I should mention that my own moon sign is situated in the 6th house. In astrology, each slice of the “pie” that makes up the zodiac wheel represents a different house, each of which is linked to a zodiac sign. The 6th house rules health and wellbeing, daily routines and rituals, and habits. It’s certainly an interesting place for a moon sign to sit. A less-than-dreamy position, it insists on being heard all day long—not just when I feel up to processing my emotions.
My inner sixteen-year-old would be appalled to find that I’ve come to deeply enjoy my routines.

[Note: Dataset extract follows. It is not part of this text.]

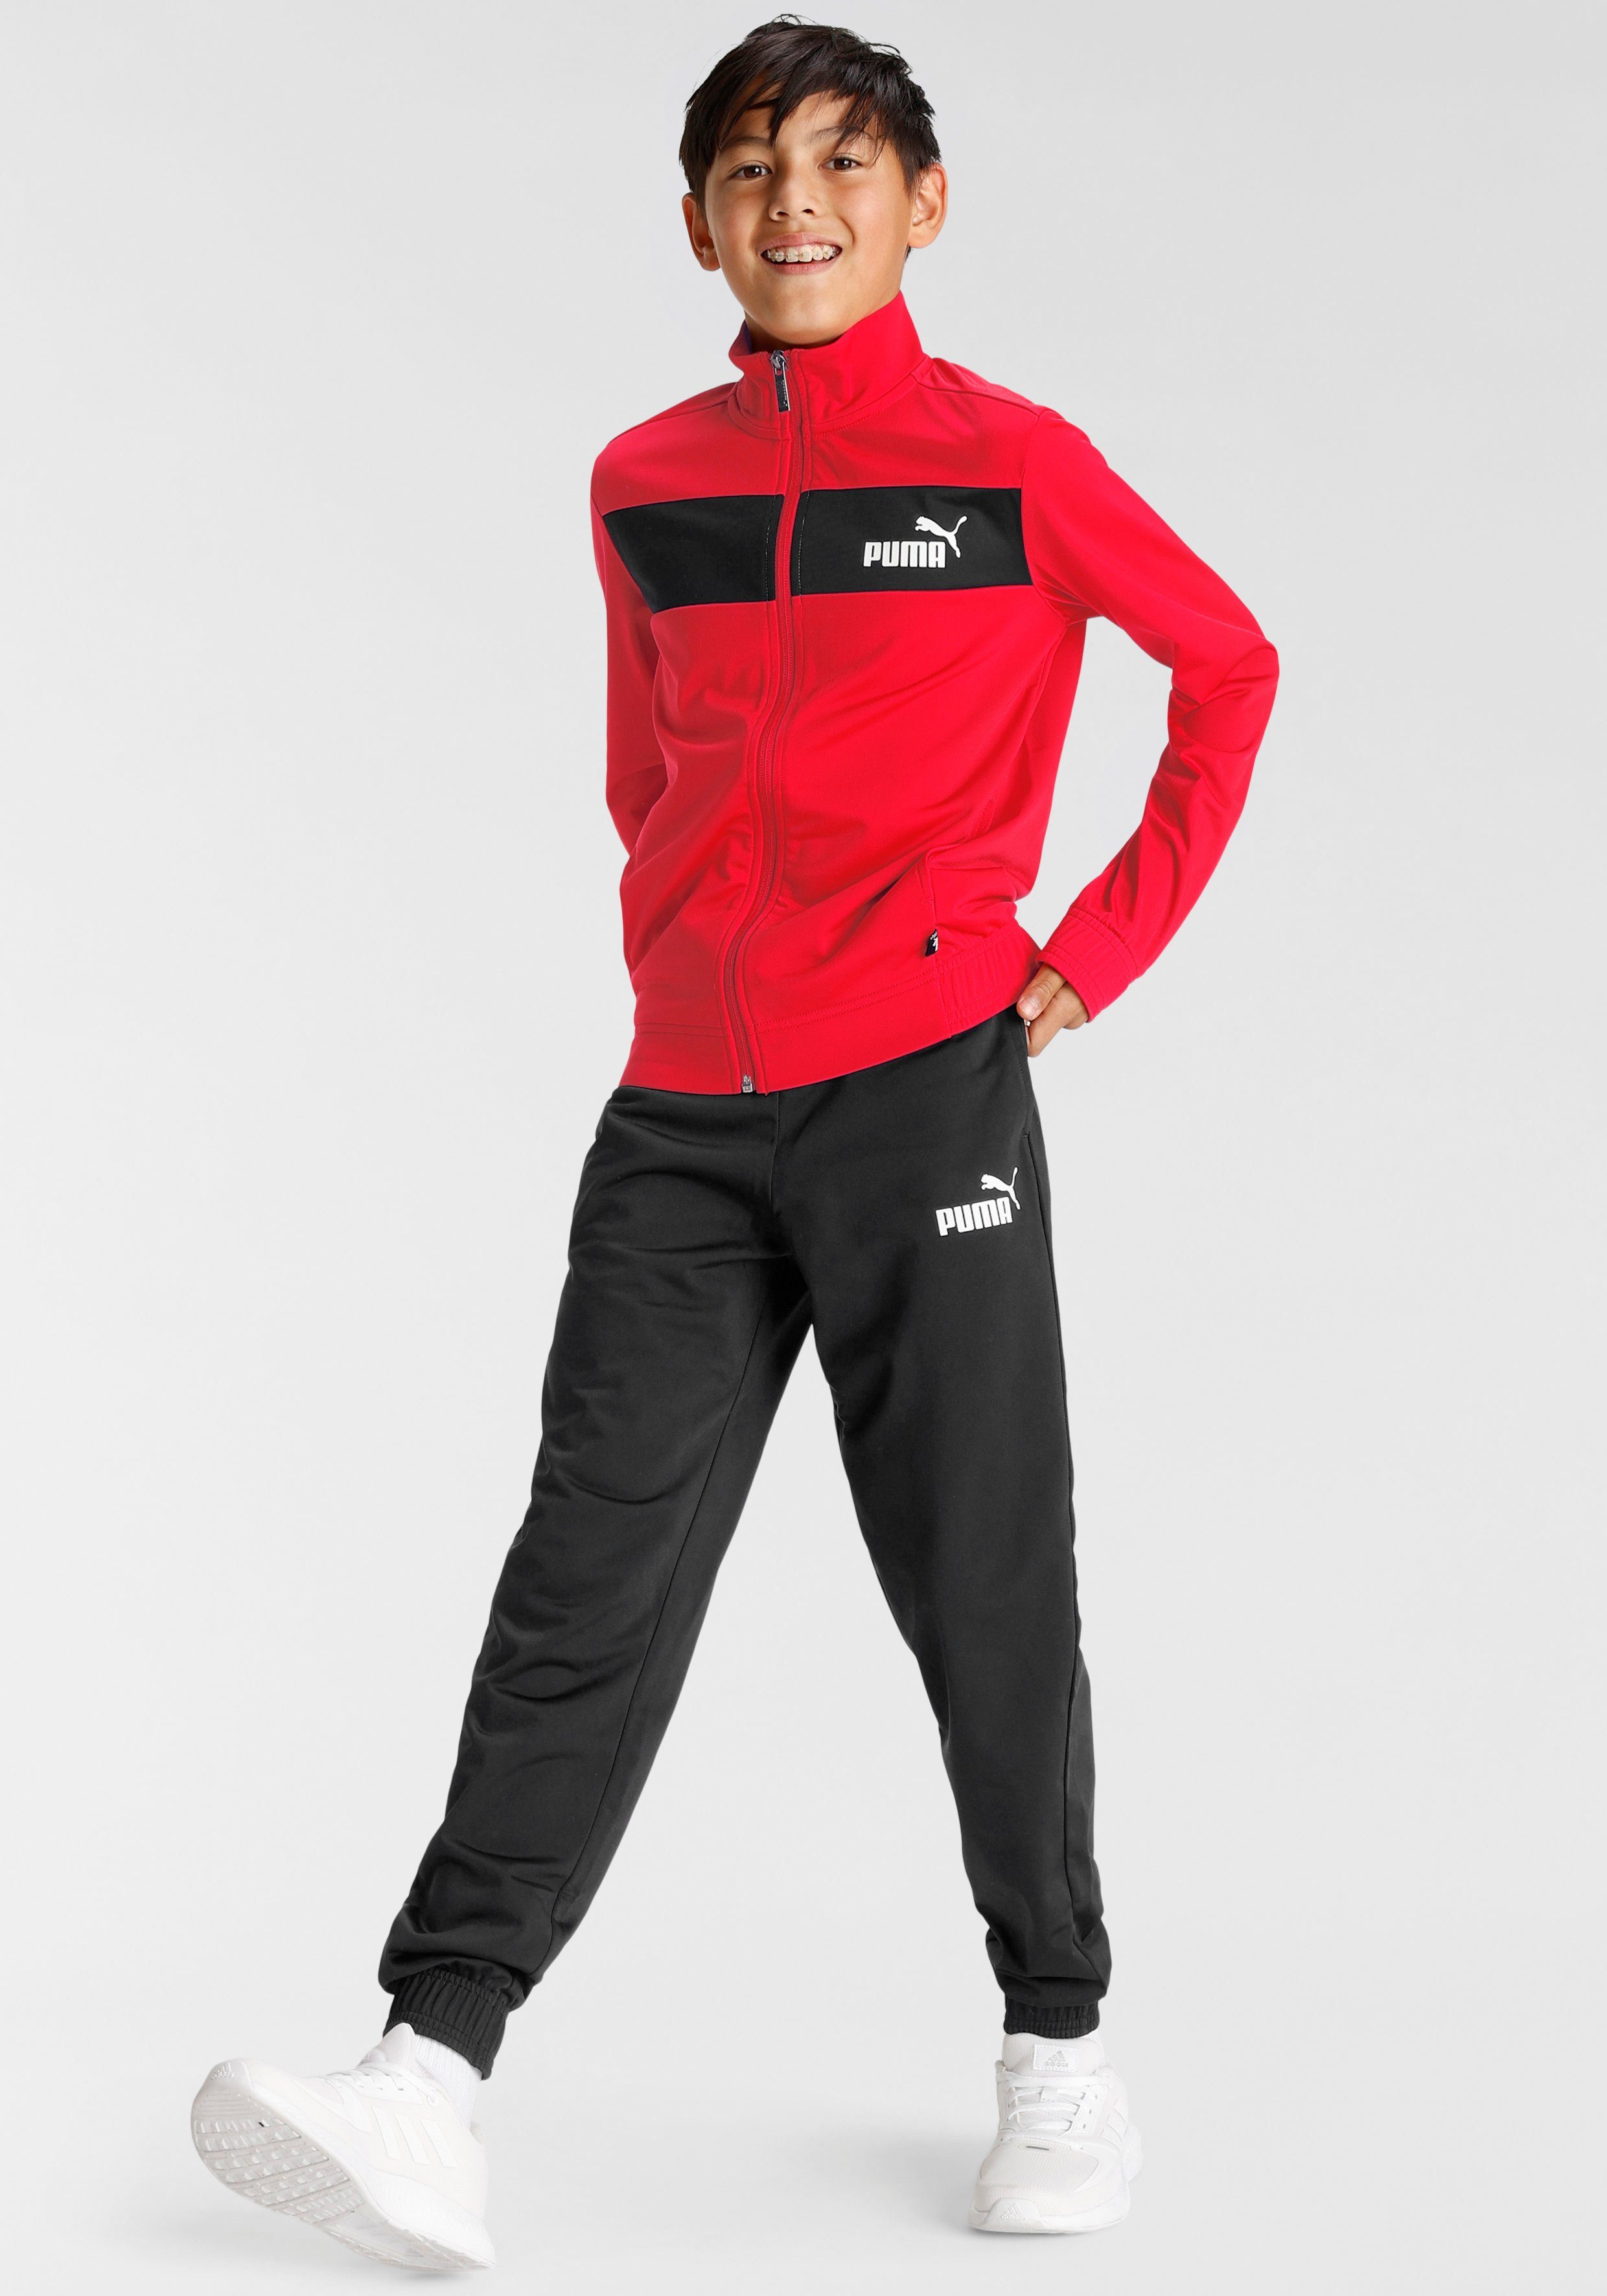 PUMA Trainingsanzug »Jugend-Trainingsanzug aus Polyester« online kaufen |  OTTO
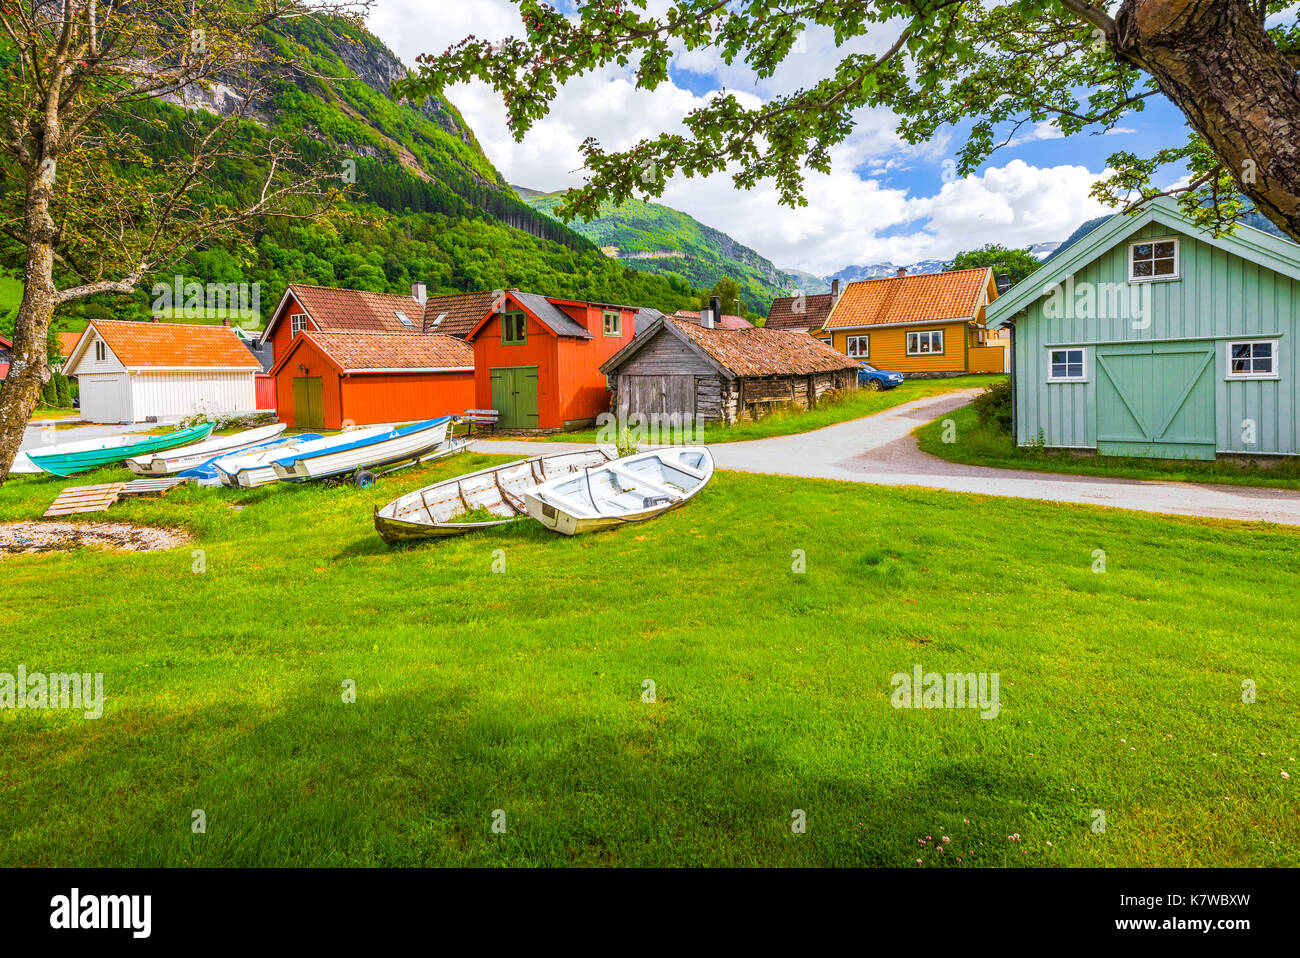 Vikori sur le le Sognefjorden avec maisons en bois et de vieux hangars à bateaux colorés, municipalité de Vik, Norvège, Scandinavie Banque D'Images

Due in no small part to this newsletter, and so much so that I’ve reframed them. “Routine”, after all, sounds inherently boring—it invokes plodding commutes and the mindless punching of time cards. One definition of it is just that: something you commit by rote. Repeatedly, that is. Until it’s committed to heart. Or you’re bored to tears, whichever comes first!
And yet, my writing practice is one of the best things in my life, if not the best thing. My forever favorite—far more dependable than a soul plagued by disquiet. Perhaps it’s because the two go hand-in-hand. Maybe there will always be a restlessness in my soul: the same restlessness that has always driven me to write, and dream, and obsess over art—my own and otherwise.
It’s one that is alleviated by this hard-won modus operandi, however.
This intention to hold attention for the patterns and practices of my day-to-day.
And because maybe it is about making rituals of our routines, so that we can better prioritize the ones that help us unfold into our lives and show up in the ways we want to show up in the world. So that they’ll help to calm the restlessness instead of goading it. (Well, as much as possible.)
Most wouldn’t expect this of a Sagittarius placement. If there’s one thing Sag loves, it’s play, spontaneity, a good surprise—all of that good juicy stuff that keeps life exciting. And I love those things, too. The unexpected comes to be expected; sometimes we show up with our best-laid plans, and all, and they immediately go to hell. Some of the best art is made that way.
But, ritualizing my own routines—clinging to where I find joy and creativity in their stability, in my own consistency—has made me realize that I don’t have to be a tortured artist in order to be a prolific writer. As prolific a writer as I have ever been, outside of grad school. It’s a beautiful thing, and has helped me build a sense of much stronger trust in my Self, besides.
It’s also given me the most delicious freedom in my writing life. I fit myself along the grooves of this newsletter1, and the new fiction I’m working on (as well as the old—my novel is still slowly humming along), and I feel excited by the page, again and again and again. It’s the kind of momentum Sagittarius lives for.
xx,
Kimia
It’s also why I include a section about what I’m currently creating ritual with in my witchy check-in missives.
I love this, kimia! i am a sag-sag-aires (enthusiasm and expansion are my MO!) so i've struggled so much with routine, but sitting down in meditation and creating a spiritual practice and my own rituals has been life-changing.
"Maybe there will always be a restlessness in my soul: the same restlessness that has always driven me to write, and dream, and obsess over art—my own and otherwise" yes yes yes!